We will be looking at the following key items, which will help you in your R scraping endeavour:

  1. HTML basics
  2. HTML elements and tags
  3. Parsing HTML data in R

So, let’s get into it, shall we.

1. HTML basics

Ever since Tim Berners-Lee proposed, in the late 80s, the idea of a platform of documents (the World Wide Web) linking to each other, HTML has been the very foundation of the web and every website you are using.
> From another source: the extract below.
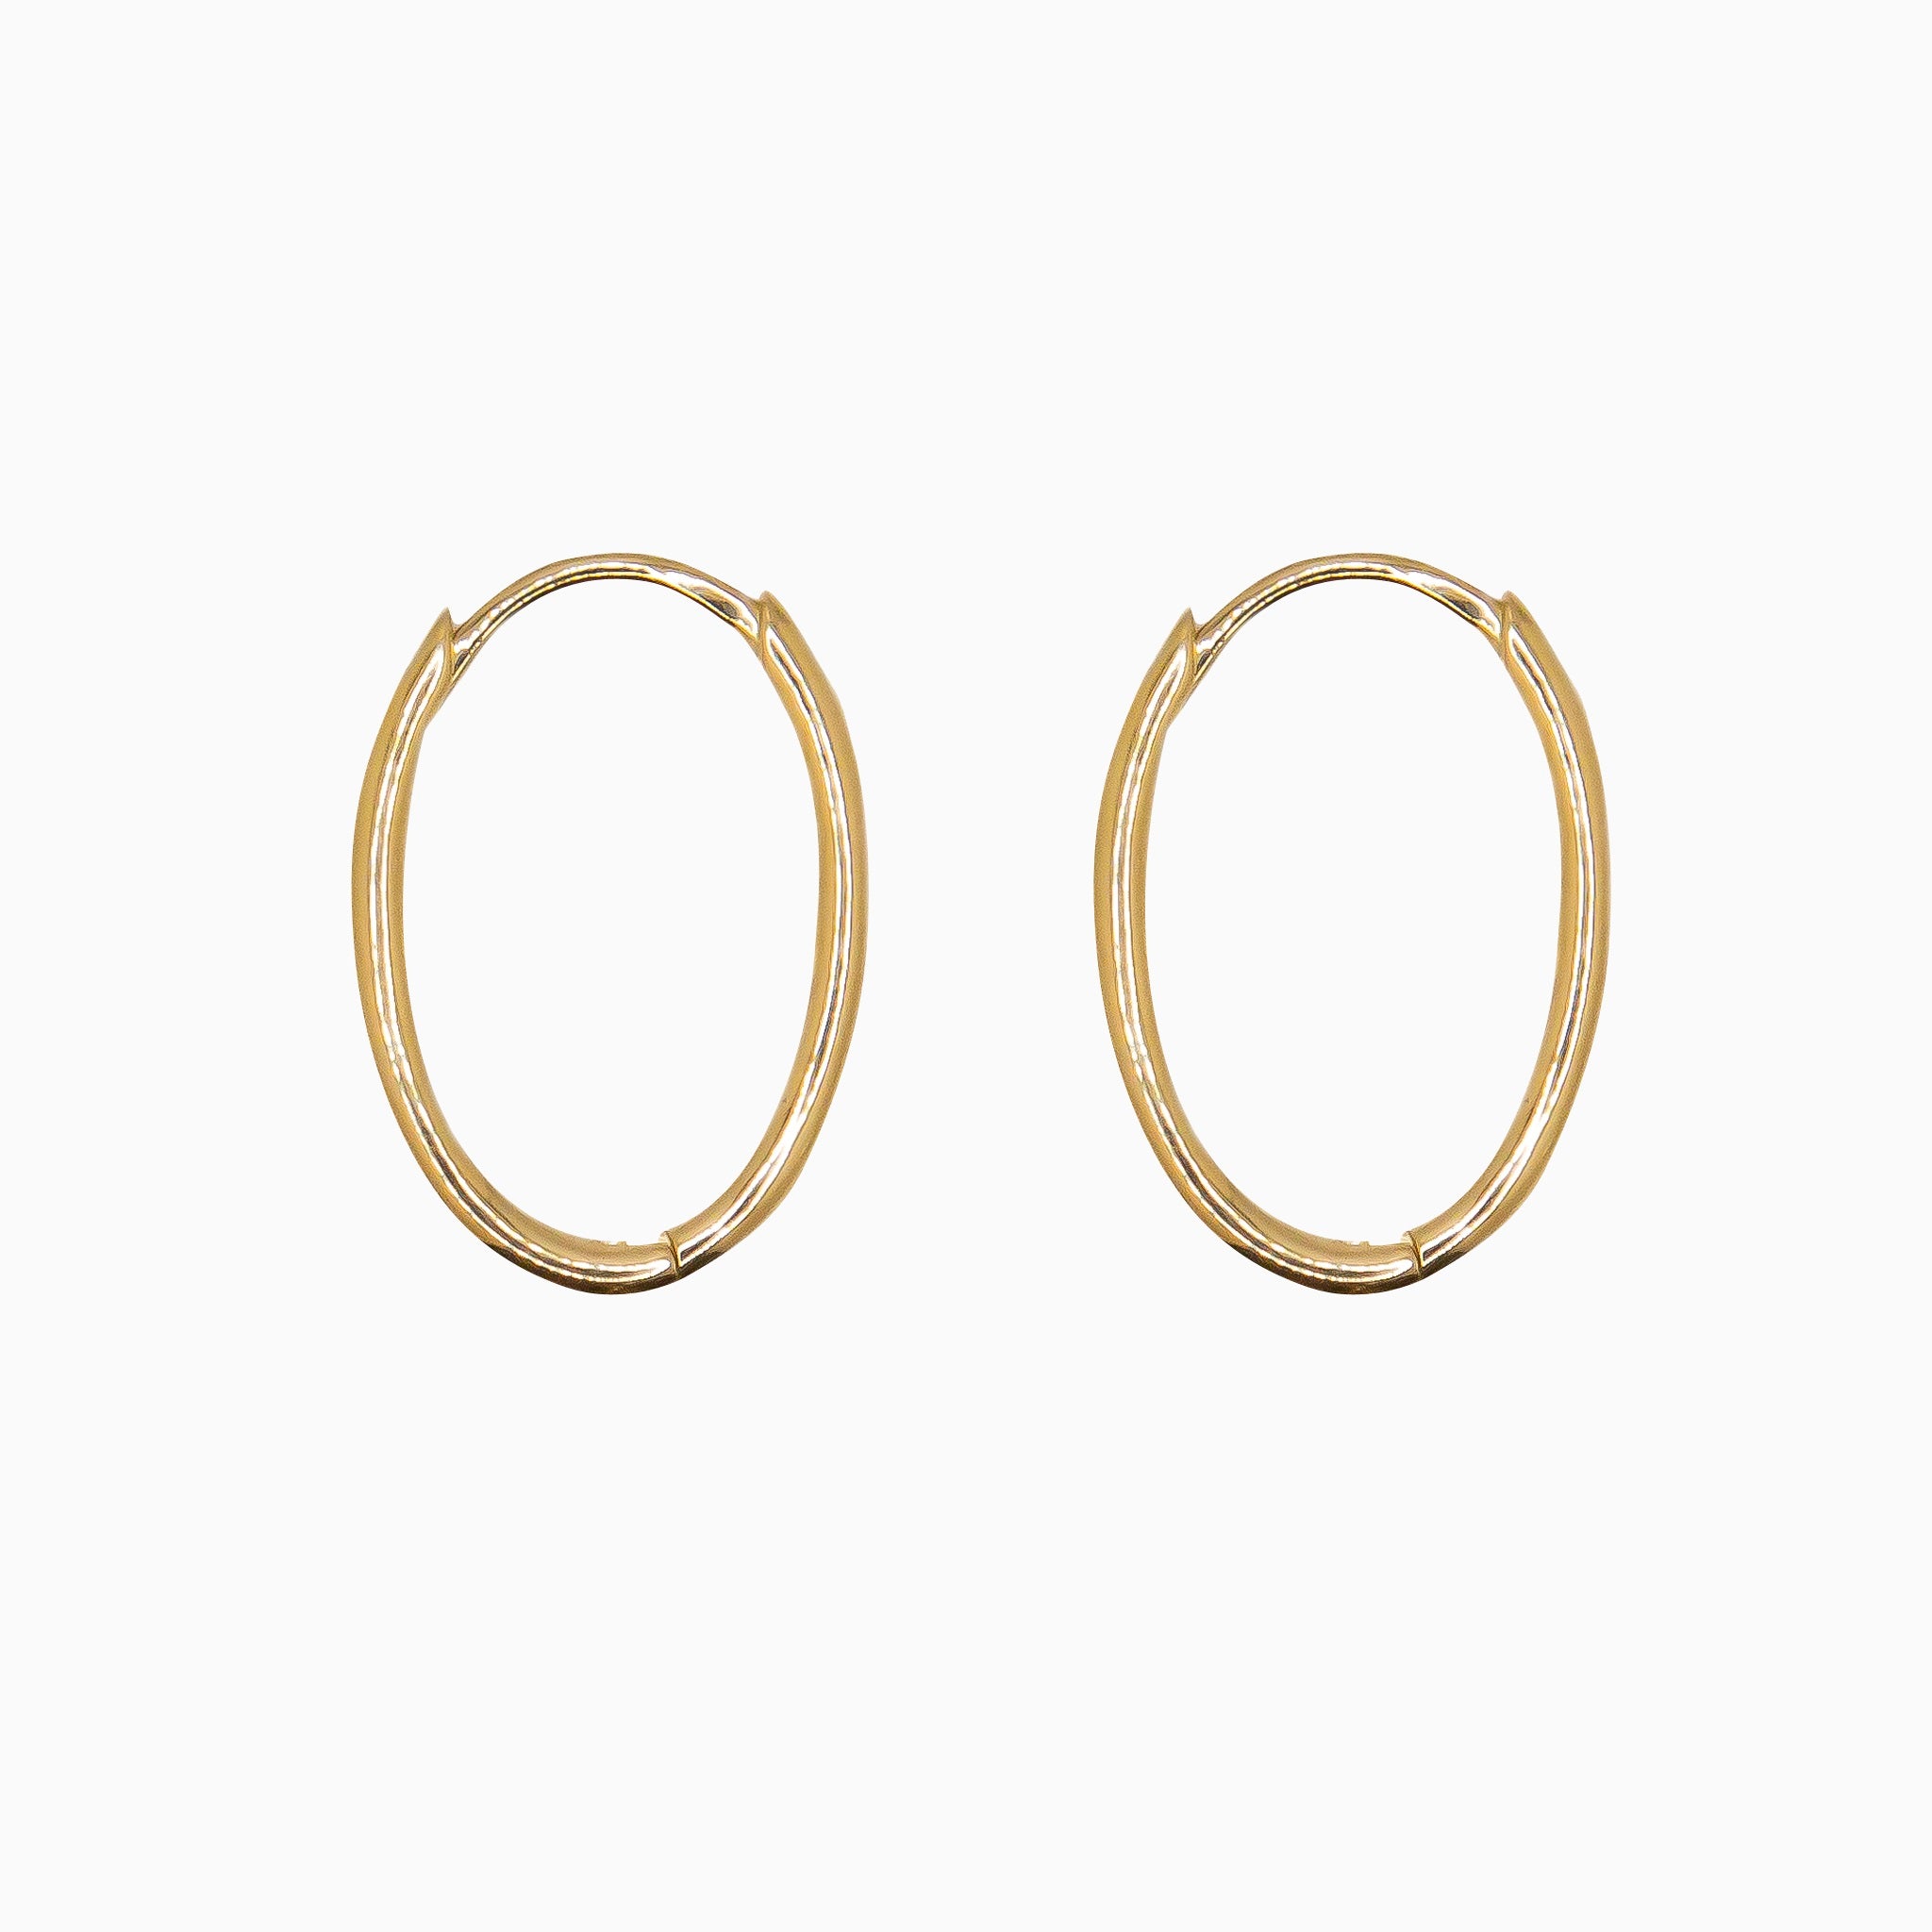 14k Yellow Gold 13mm x 9mm Hinged Everyday Oval Solid Hoop Earrings, Side View

So, whenever you type a site address in your browser, your browser will download and render the page for you. For example, here’s what https://ScrapingBee.com looks like when you view it in a browser.

ScrapingBee Home page

Beautiful, isn't it. But how would we scrape that with R? Well, before we can do any of that, we first need to understand how a webpage is structured and what it is composed of. While the page above has all those beautiful colors and images, the underlying document is a lot more textual in nature, and that's where HTML comes in.

HTML is the technical representation of that webpage and tells your browser which elements to display and how to display them. That HTML is what we need to understand and analyse, in order to be able to successfully scrape a webpage.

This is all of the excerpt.